There was a moment in the semi-final that illustrates exactly why New Zealand have become the neutral’s World Cup favourite and Brendon McCullum the pre-eminent captain in the ODI game. South Africa were 31 for 2 in the eighth over, a very useful start for the bowling team but hardly a position of complete dominance. The new batsman, Rilee Rossouw, strode to the wicket, took guard and examined the field.
What he saw was something quite remarkable. Four slips, a gully and a man at point positioned threateningly close – a ring of six catchers looking for a thick or thin edge. Rossouw would have been forgiven for thinking that he had inadvertently wandered into a Test match.
It was that attacking instinct that led to Tim Southee being immediately brought back to rip through the England middle order during the group stage game in Wellington as soon as Daniel Vettori had broken the Eoin Morgan-Joe Root partnership. It’s why Vettori himself was given six catchers when bowling for a hat-trick against Afghanistan, why Southee bowled at Steve Smith with three slips in place against Australia. And it’s why McCullum and New Zealand will attack at all costs when they meet those opponents again at the MCG on Sunday.

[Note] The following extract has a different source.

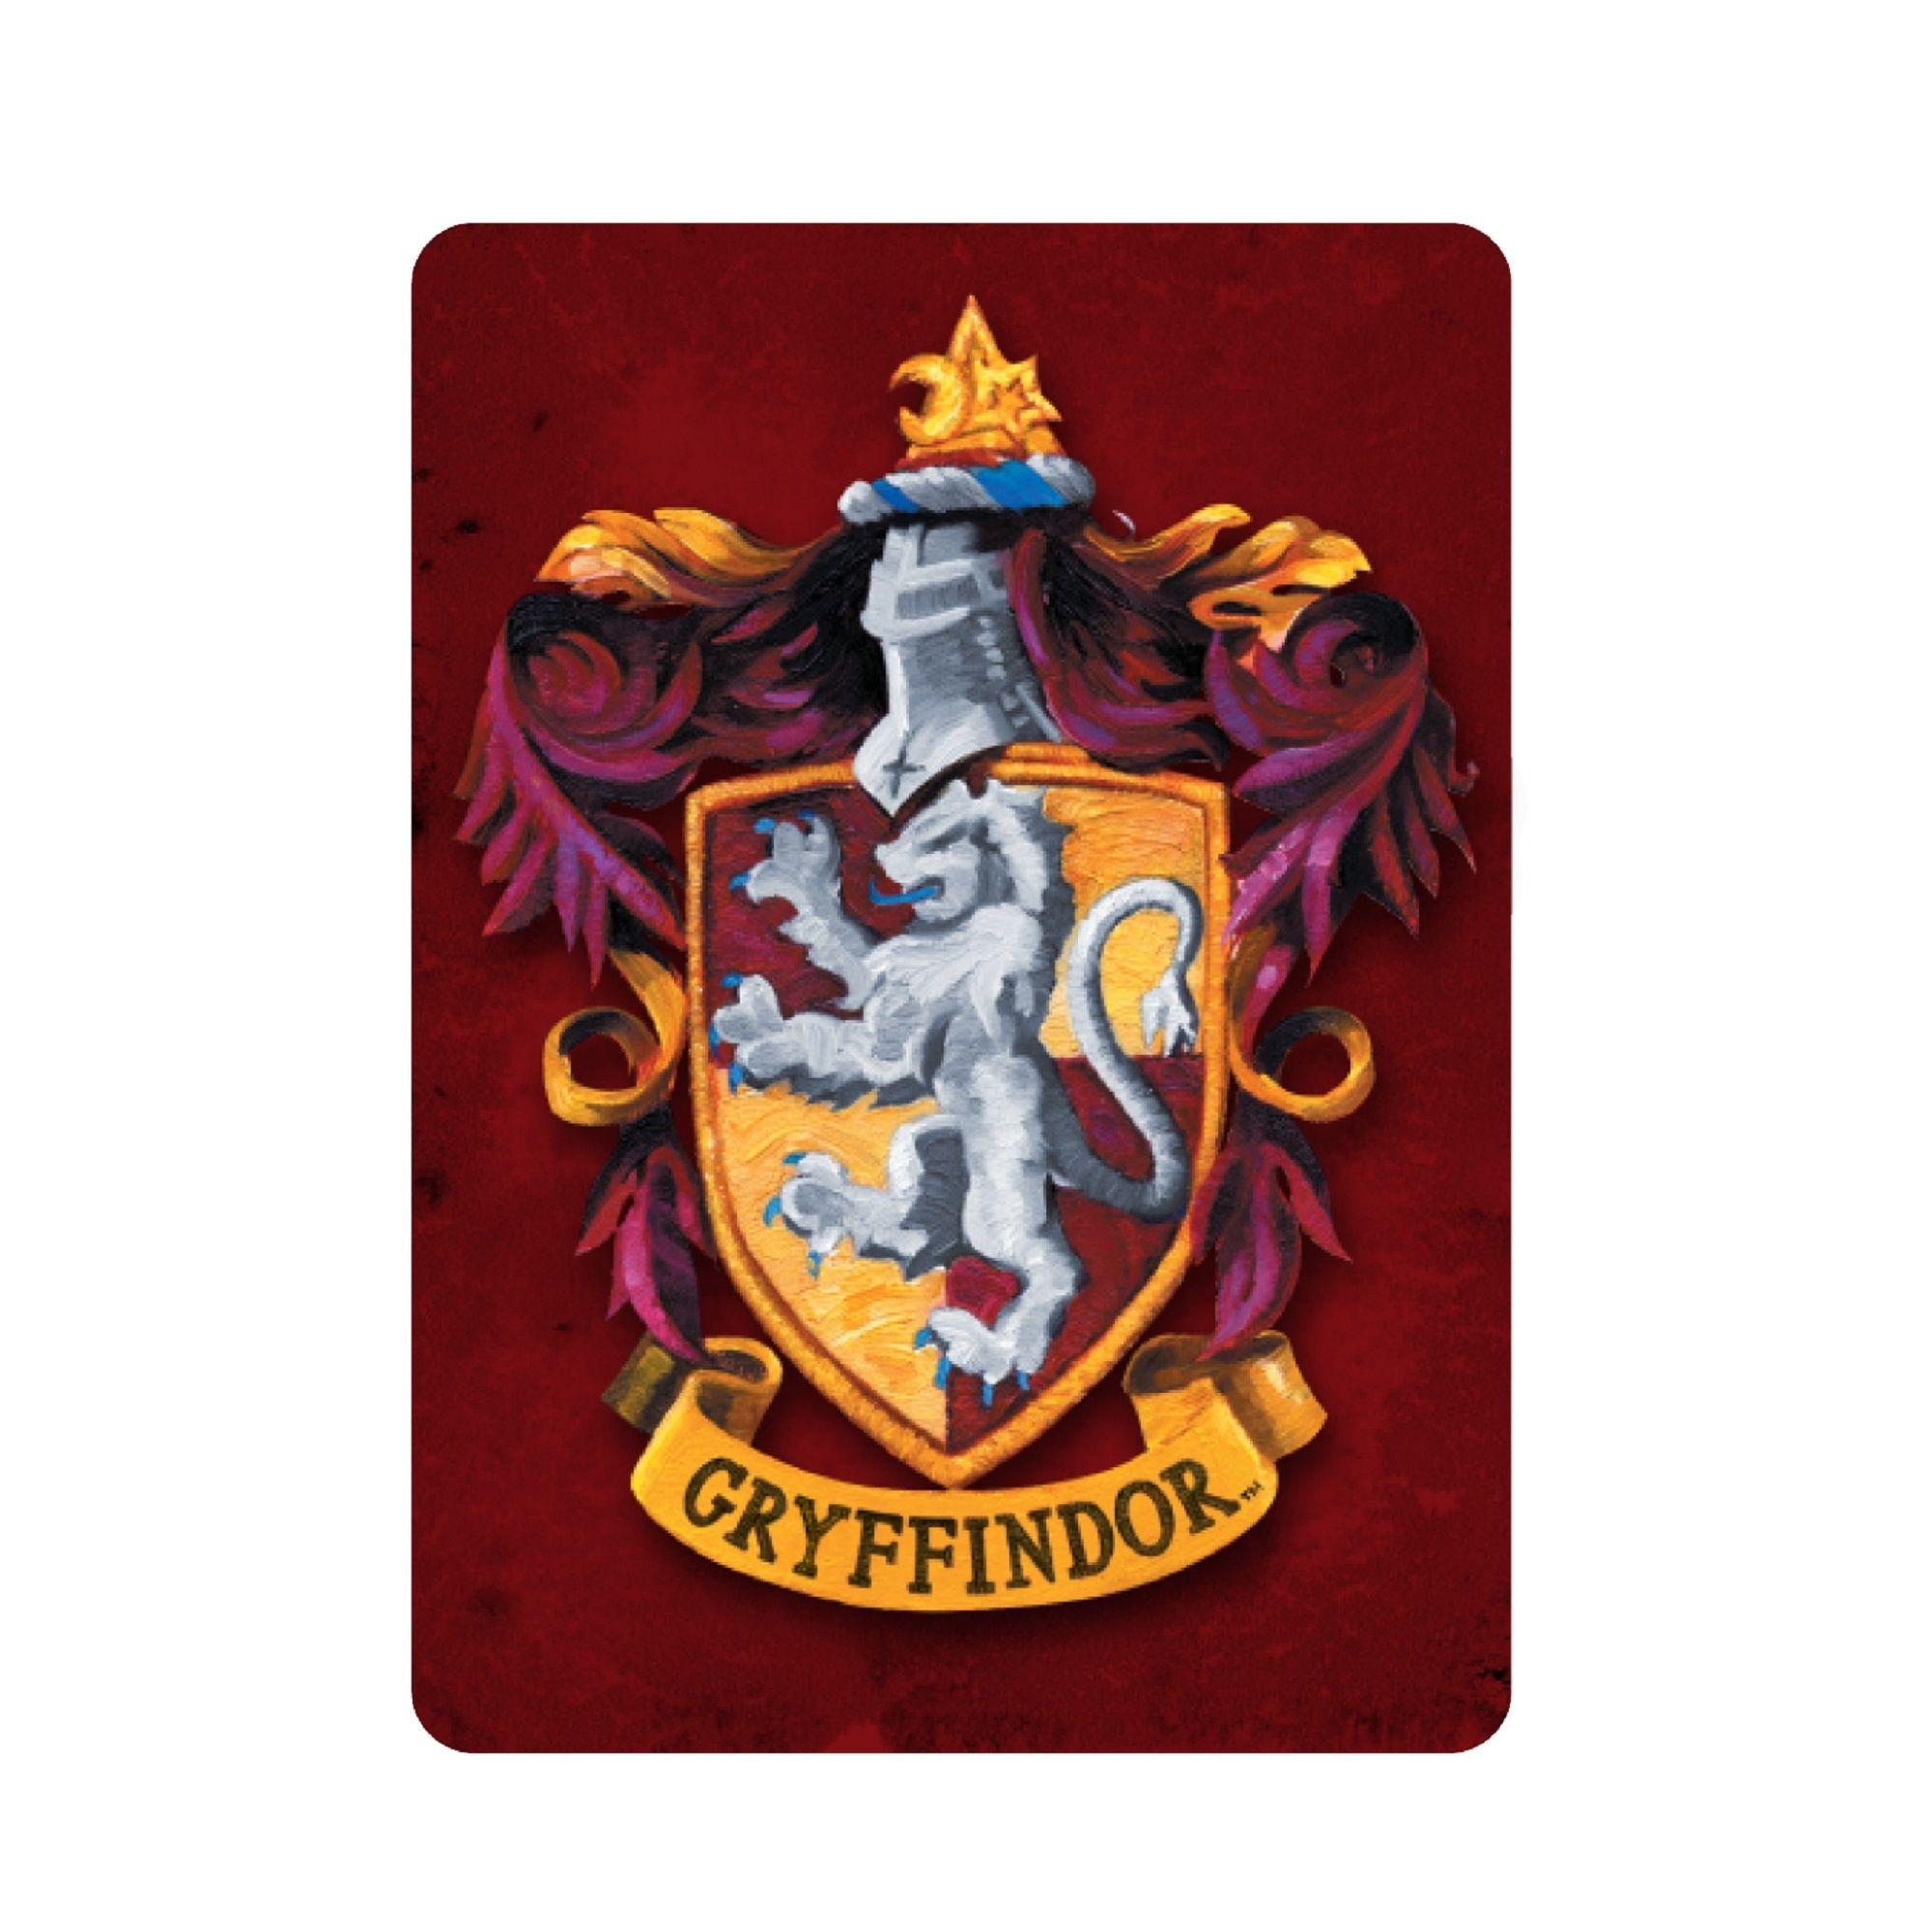 Harry Potter Gryffindor Logo - Harry Potter Gryffindor Crest Metal Magnet - £5.00 for Toys

So far in this tournament it has proven a virtuous circle, the bowlers thriving on the confidence placed in them by their captain and finding deliveries that have allowed the strategy to pay off. In the field it has been infectious – during New Zealand’s opening game of the tournament the Sri Lanka opener Tillakaratne Dilshan was, slightly embarrassingly, captured on the stump mic telling his batting partner Lahiru Thirimanne “they get to the ball quicker than our blokes” – and it has been effective: the Black Caps are in the World Cup final for the first time.
The road to Melbourne has not been all that smooth. In late 2012 McCullum replaced Ross Taylor as captain in all three formats, a move that was not exactly popular with either Taylor or the New Zealand supporters. A year on from that controversial decision, New Zealand travelled to Bangladesh for an ODI series and, without the injured McCullum, were whitewashed 3-0 in what was perhaps the low point of Mike Hesson’s reign as coach. Thereafter results improved, the aggression levels cranked up, but only in the final tinkering in the months leading up to the tournament did New Zealand find a blend that backed up the captain’s approach.
McCullum returned to the top of the order only at the start of 2015, his explosive talents having been under-utilised in the middle order for two years. Trent Boult established himself as Southee’s opening bowling partner as recently as October last year. No one who had noticed their improvement considered them dark horses for this tournament – they were clearly too good for that tag – but few anticipated just how thrilling a side McCullum and Hesson had at their disposal.
McCullum’s blunderbuss style has always been well known, but the surprises have dazzled too. Martin Guptill was supposed to provide the cool head in the fire-and-ice opening partnership with the captain, but then he went and smashed a world record 237 from 163 balls against the West Indies in the quarter-finals.
Kane Williamson and Taylor are up there with the best No3 and No4 combinations in the world, but it was Corey Anderson and Grant Elliott – a player who made his ODI debut in 2008 but has been so in-and-out that he did not make any international appearances in 2011, 2012 and 2014 and was a gnat’s wing away from missing out on the squad for the tournament – who made the crucial contributions against South Africa in the semi. And then, of course, there is Vettori, a player who seems to have had more retirements than George Foreman. Vettori initially called it a day in ODIs in 2011, was tempted back but then had more than a year out of the side after suffering an ankle injury in 2013. His return solved the spin problem that New Zealand had struggled to resolve in his absence and he goes into the final described by MS Dhoni as “the key factor” in the match. Not bad for a player who has been around so long that he first faced England when Michael Atherton and Phil Tufnell were part of the side.
But this is McCullum’s team, one chiselled in the image of its captain. And if he leads his side to victory in Melbourne on Sunday, this tournament will deservedly go down as McCullum’s World Cup.